WORK TO BE COMPLETED:
Each entry should be repeated exactly. Its pictures should not be.

Segment Start: DATA TO EXAMINE

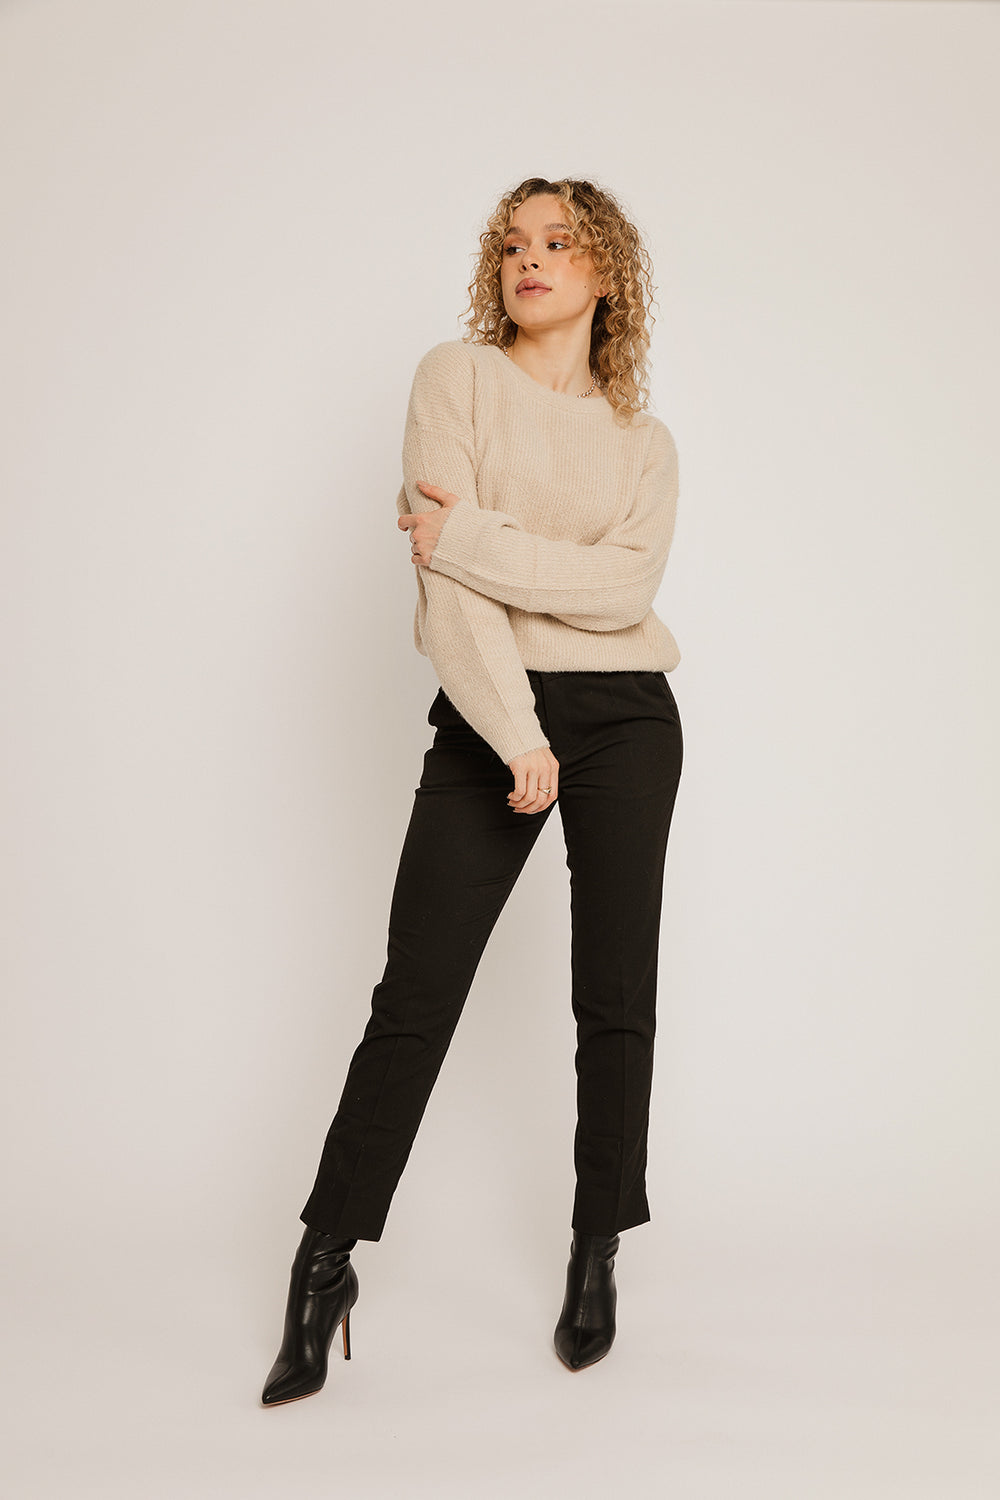 Evelyna Black Cigarette Trousers - Sugar + Style
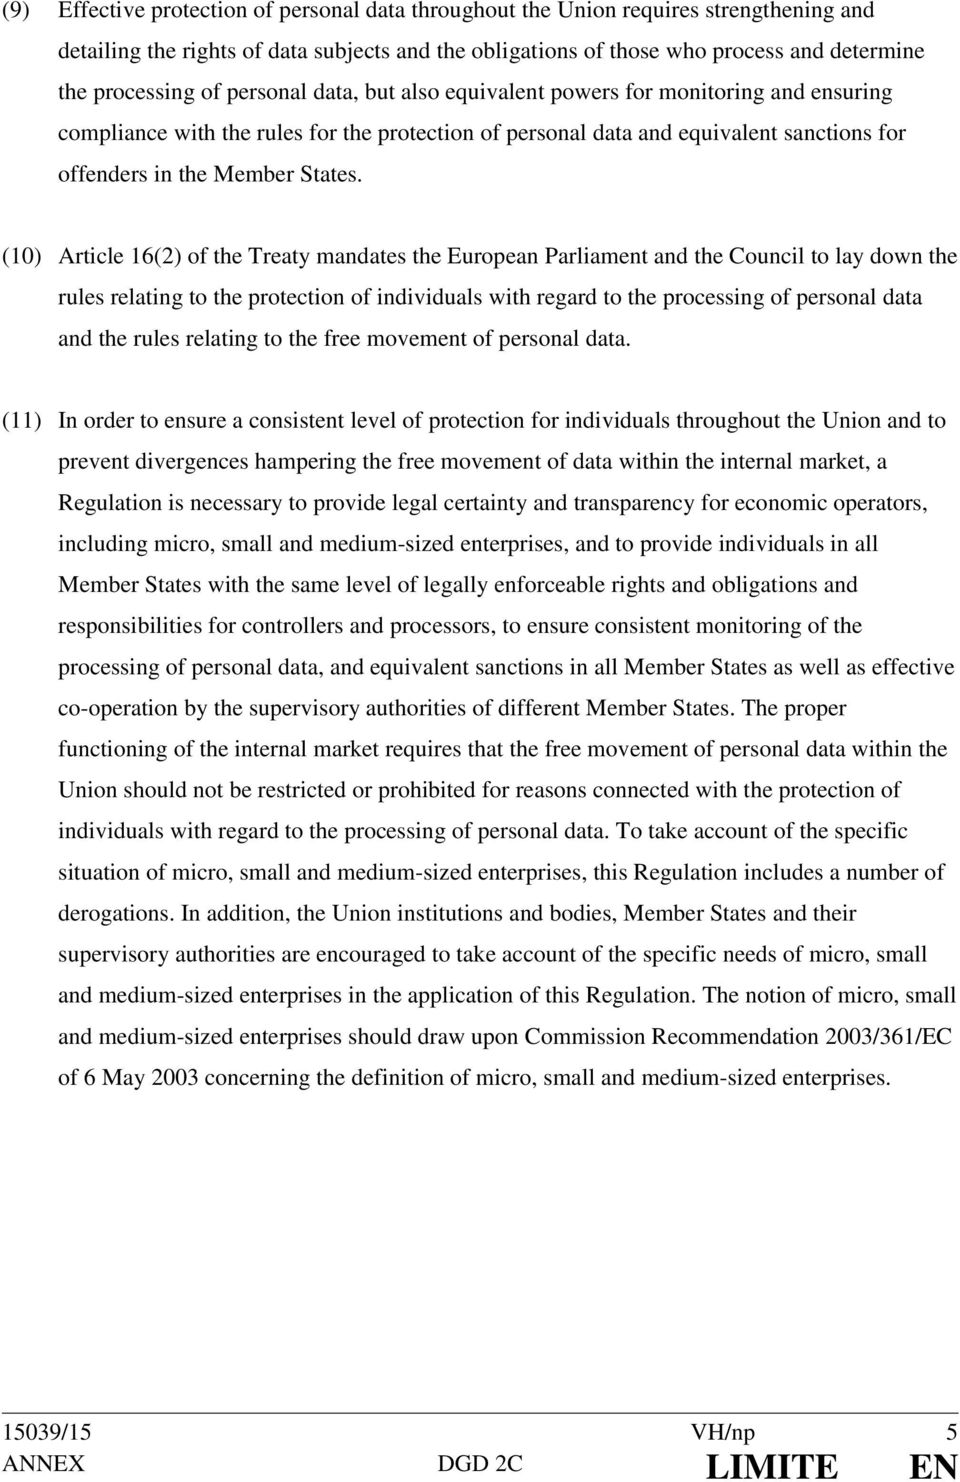 (10) Article 16(2) of the Treaty mandates the European Parliament and the Council to lay down the rules relating to the protection of individuals with regard to the processing of personal data and
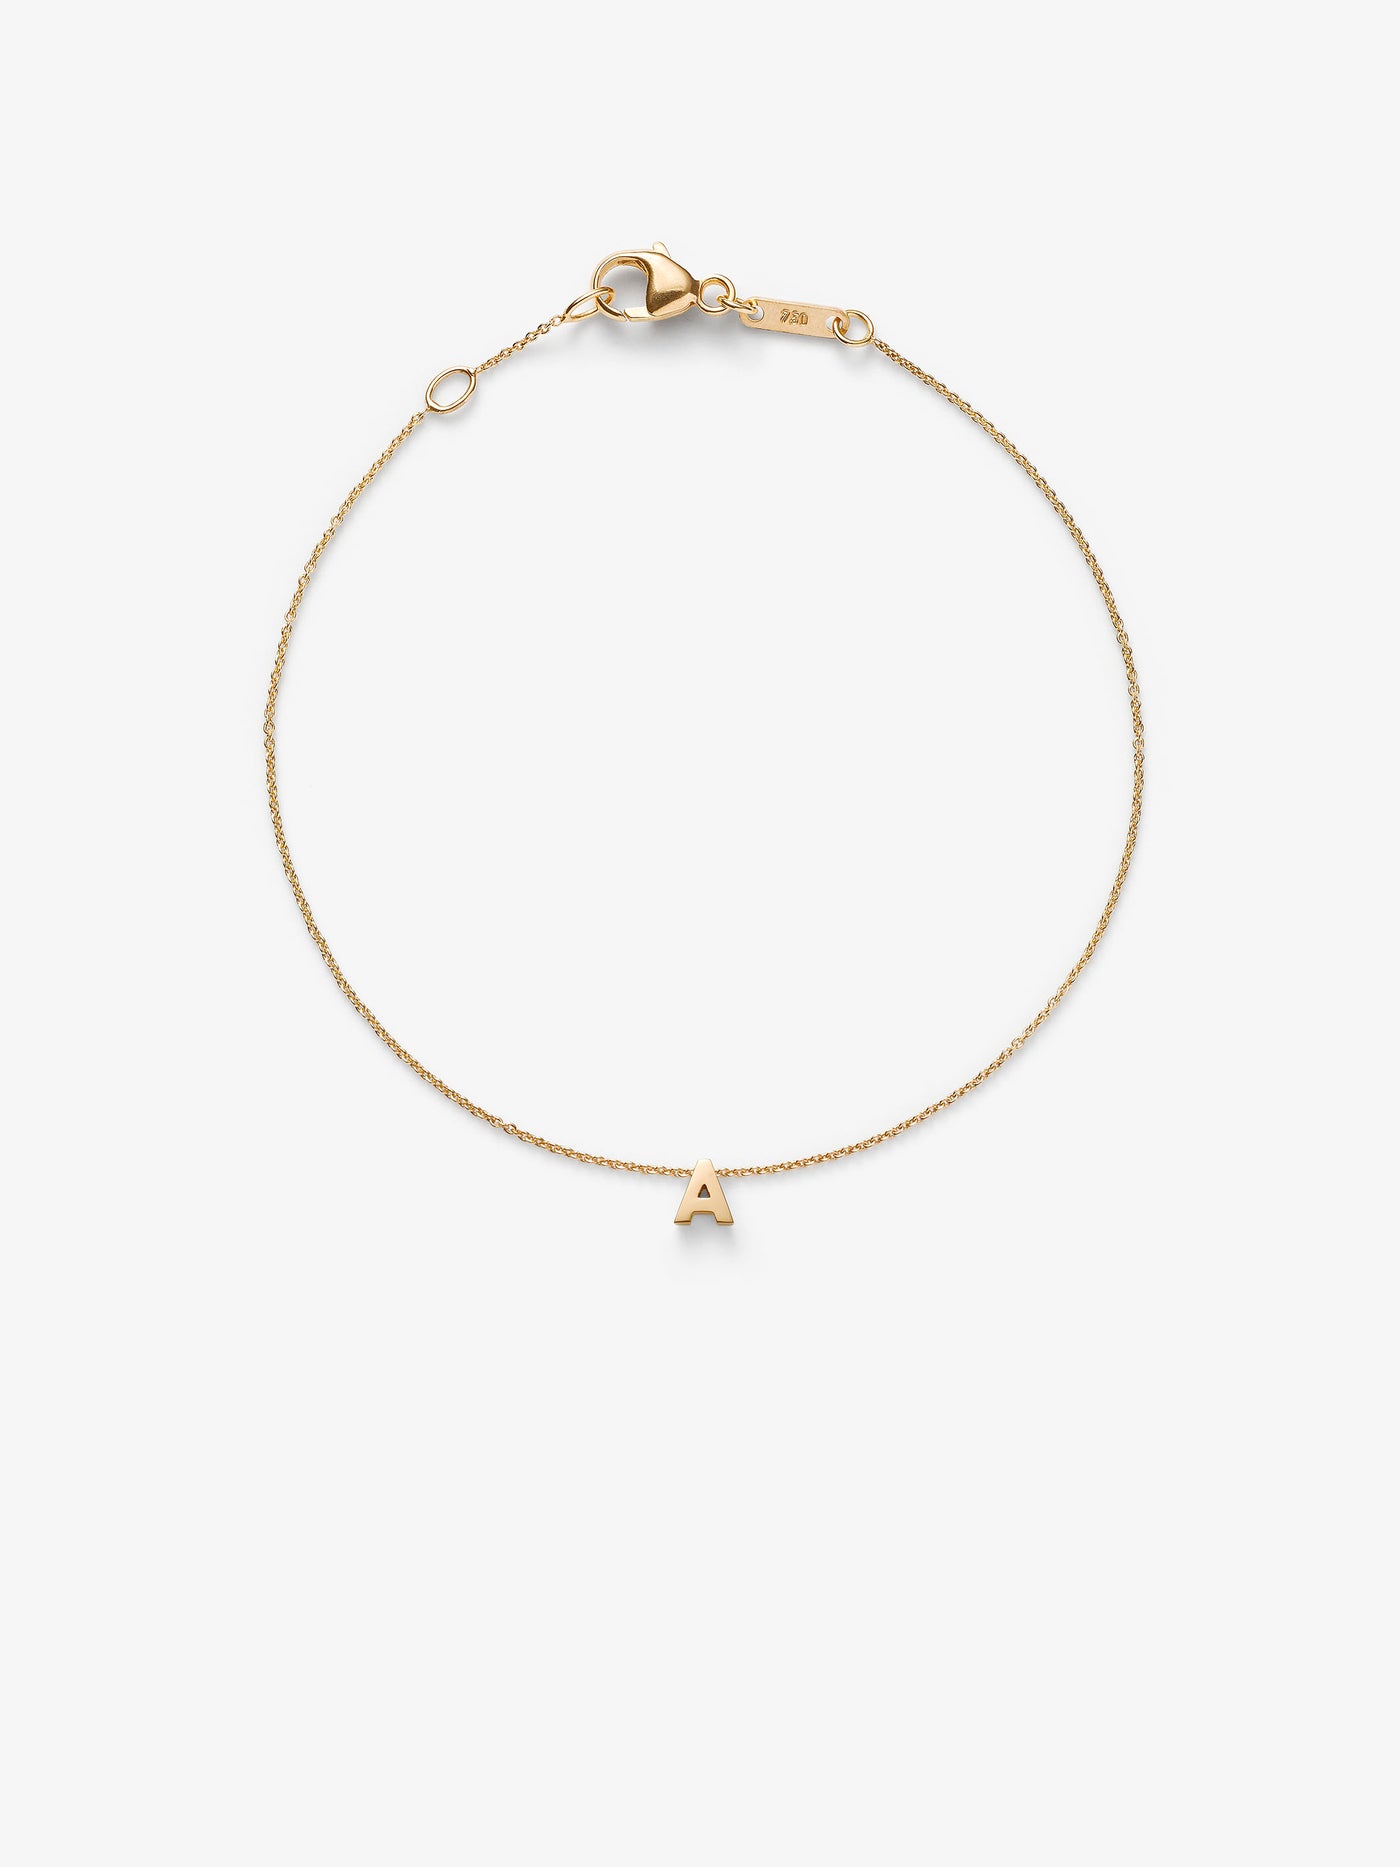 Miniature three-dimensional one letter in 18k solid gold, thread onto an adjustable bracelet chain
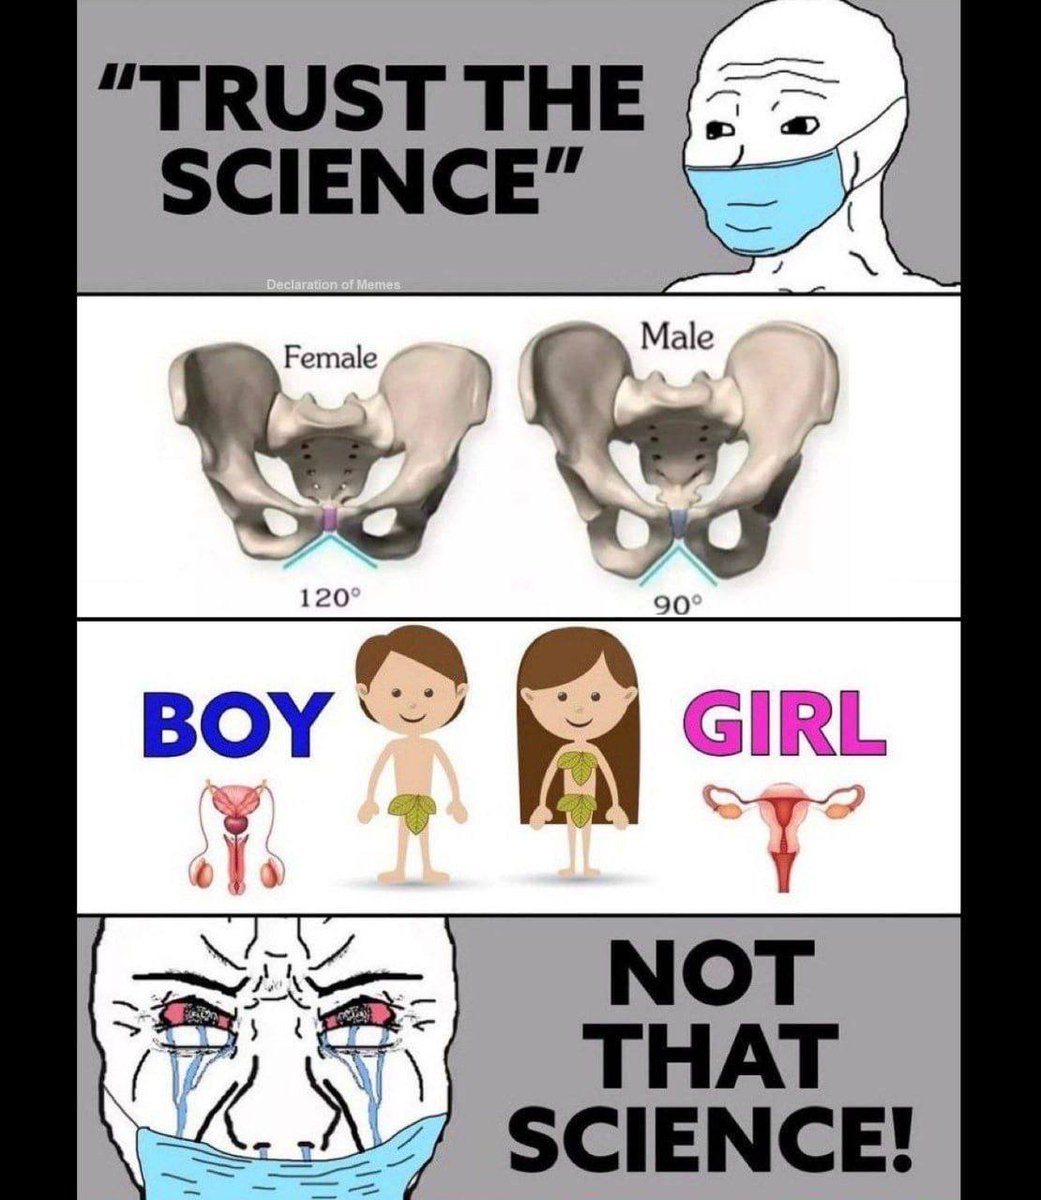 ScIeNcE!
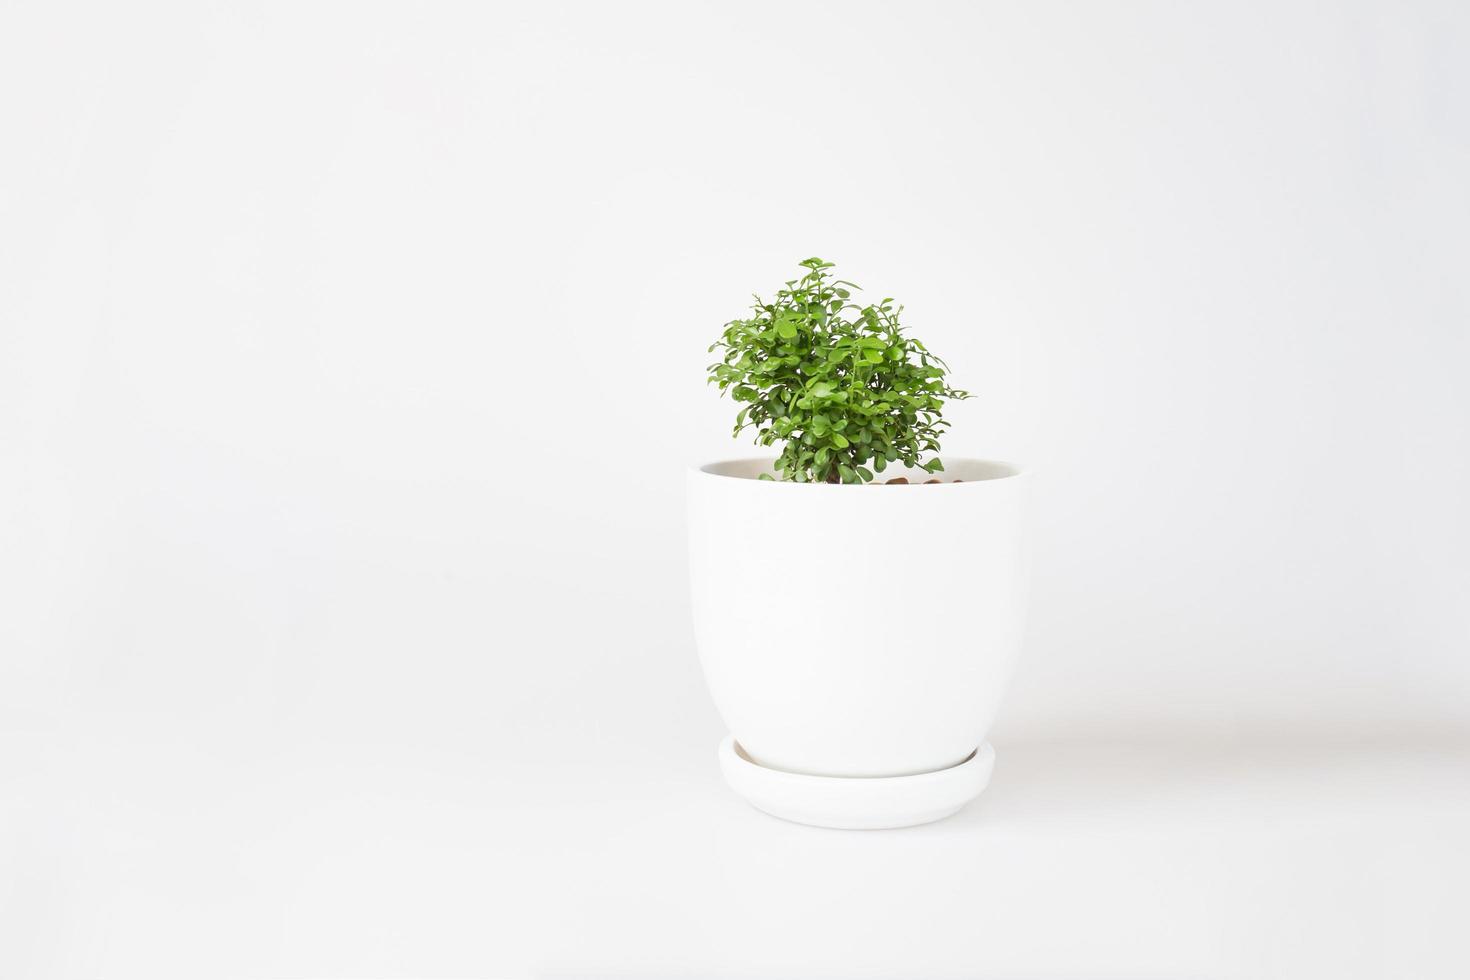 Miniature plants on white background. Small tree in white pot, Garden in tray. photo

Segment End: DATA TO EXAMINE

WRITTEN ANSWER:
 Evelyna Black Cigarette Trousers - Sugar + Style
 (10) Article 16(2) of the Treaty mandates the European Parliament and the Council to lay down the rules relating to the protection of individuals with regard to the processing of personal data and
 Miniature three-dimensional one letter in 18k solid gold, thread onto an adjustable bracelet chain
 ScIeNcE!
 Miniature plants on white background. Small tree in white pot, Garden in tray. photo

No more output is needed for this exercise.